相反,您可以对这些样本进行降采样以采用每天的频率,"D"
,然后在30分钟内对每个组进行均值汇总.
Instead, you could downsample these to take on the day frequency, "D"
and then perform the aggregation of mean for each group within 30 minutes.
df.resample('D').asfreq().resample('30T').mean()
如果要专门对start_time
或end_time
进行重采样,则可以使用convention
arg.
The convention
arg could have been used if resampling across start_time
or end_time
specifically were to be performed.
要检查:
To check:
resamp_start = df.resample('30min').mean()
resamp_all = df.resample('D').asfreq().resample('30T').mean().head(resamp_start.shape[0])
resamp_start.equals(resamp_all)
True
如果仅需要重新采样的索引而不是其汇总,则将其当前频率下采样到与要在中重新采样的频率相对应的最低整数频率是有意义的[此处为1分钟] ,然后每30行取一个切片,以每 30分钟个样本进行计算.

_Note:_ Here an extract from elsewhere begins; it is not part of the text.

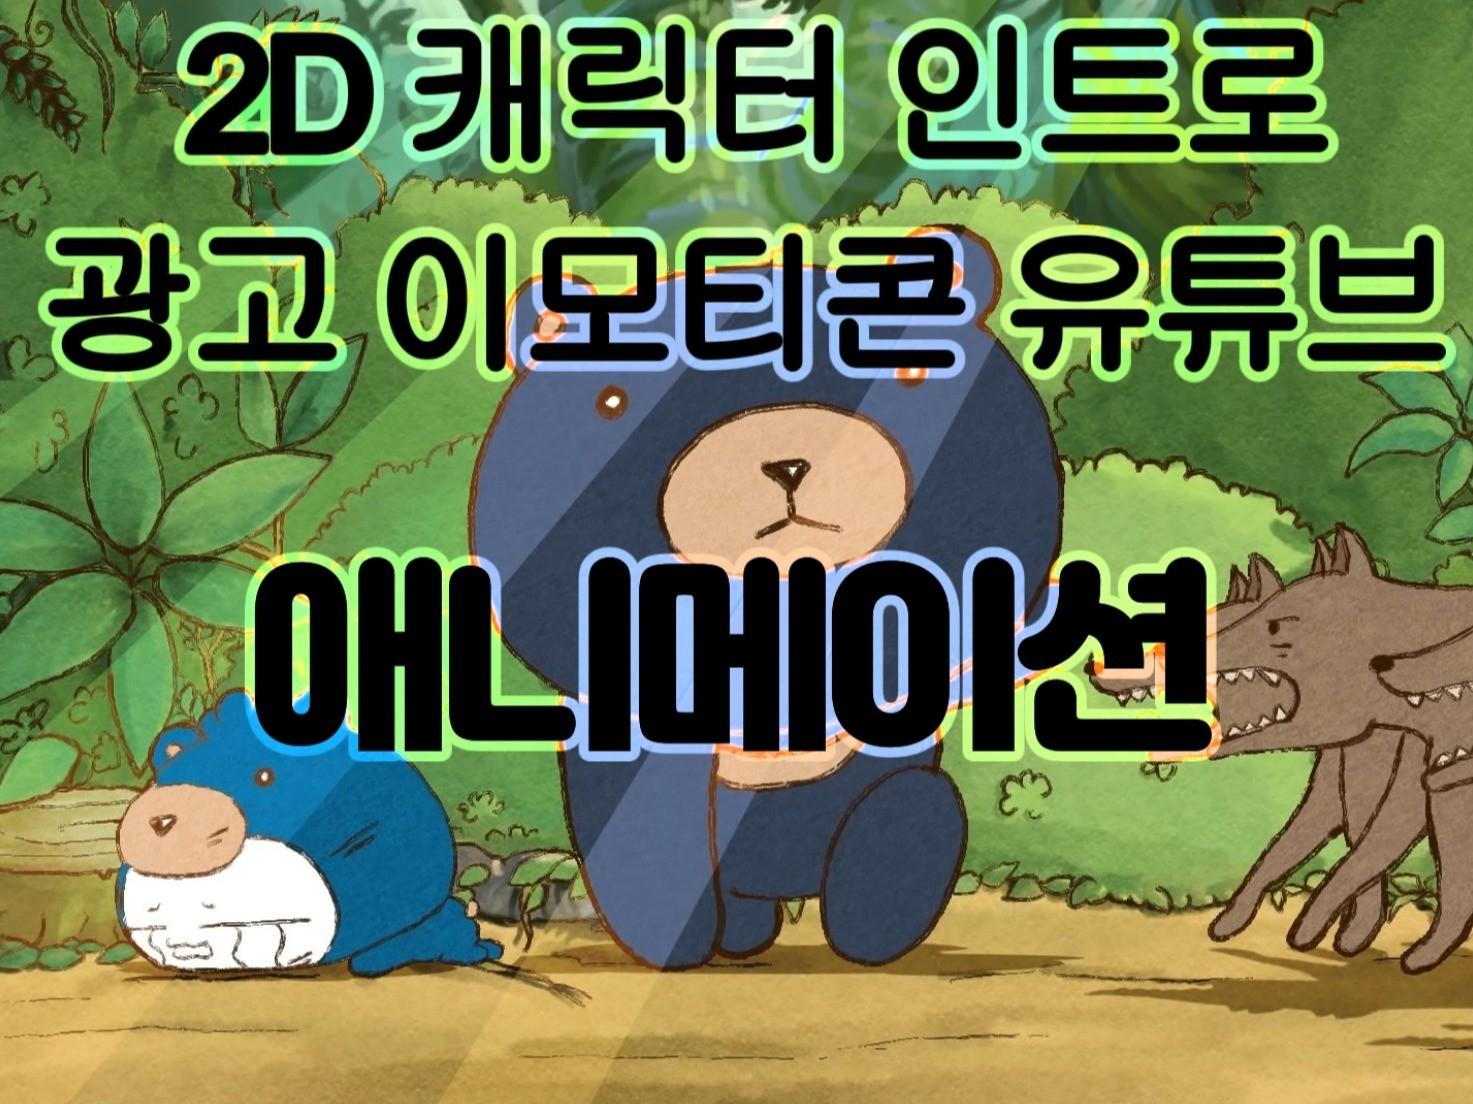 2D캐릭터 광고 이모티콘 유튜브 애니메이션 제작해 드립니다.
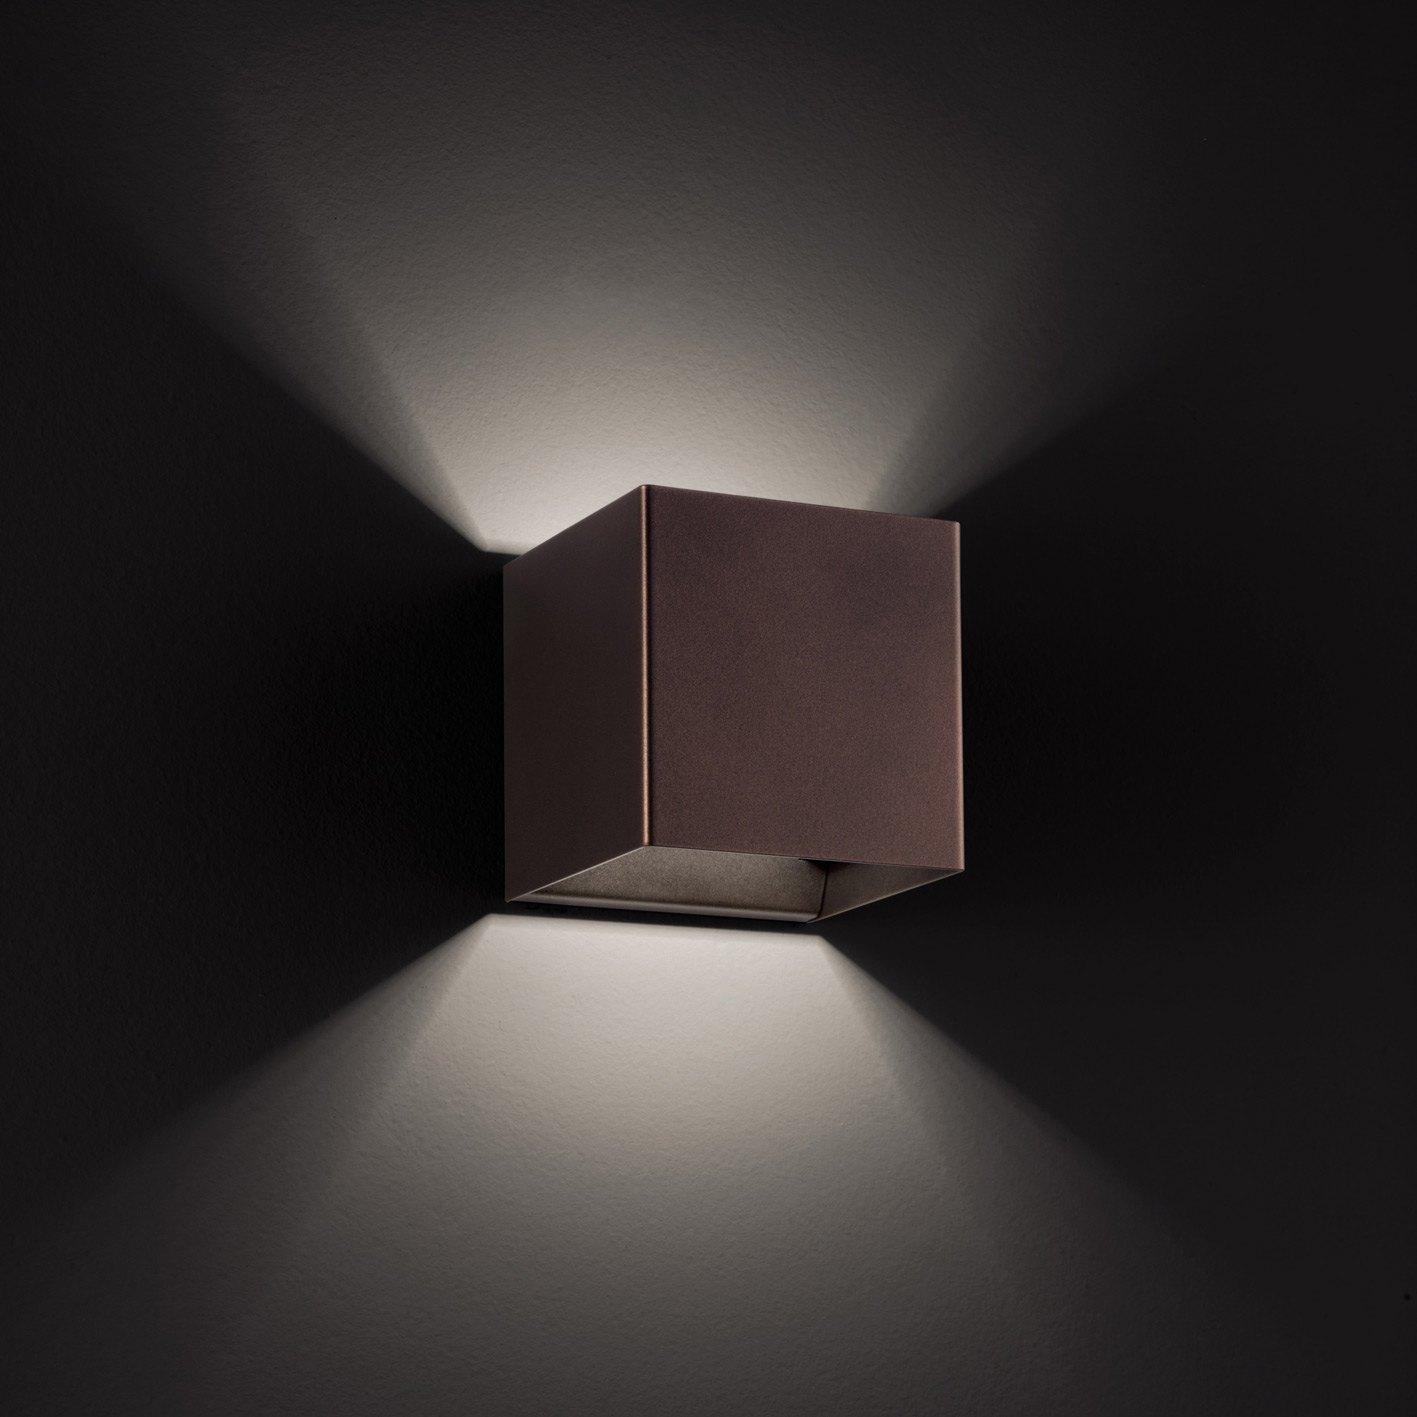 laser cube 10x10 ap9 ap11 led wall light by studio italia design. Black Bedroom Furniture Sets. Home Design Ideas

If you require only the resampled index and not it's aggregation, then it would make sense to down-sample it's current frequency to the lowest integer frequency corresponding to the frequency that is to be resampled for [Here, 1 minute] and then take slices of every 30 rows to compute this for every 30 minute sample.
df.resample('T').asfreq().iloc[::30]
与较早的情况相比,这些操作会为您提供整个2009-02-28
的样本,在早期情况下,由于在.resample('D')
操作过程中对其进行了归一化(时间调整为午夜),因此考虑了不超过2009-02-28
的日期
These would give you the samples for the whole of 2009-02-28
as compared to the earlier case where the dates upto and not including 2009-02-28
were considered due to their normalization (times adjusted to midnight) imposed during .resample('D')
operation.
这篇关于重新采样/上采样周期指数,并同时使用两个极端时间“边缘".数据的文章就介绍到这了,希望我们推荐的答案对大家有所帮助,也希望大家多多支持!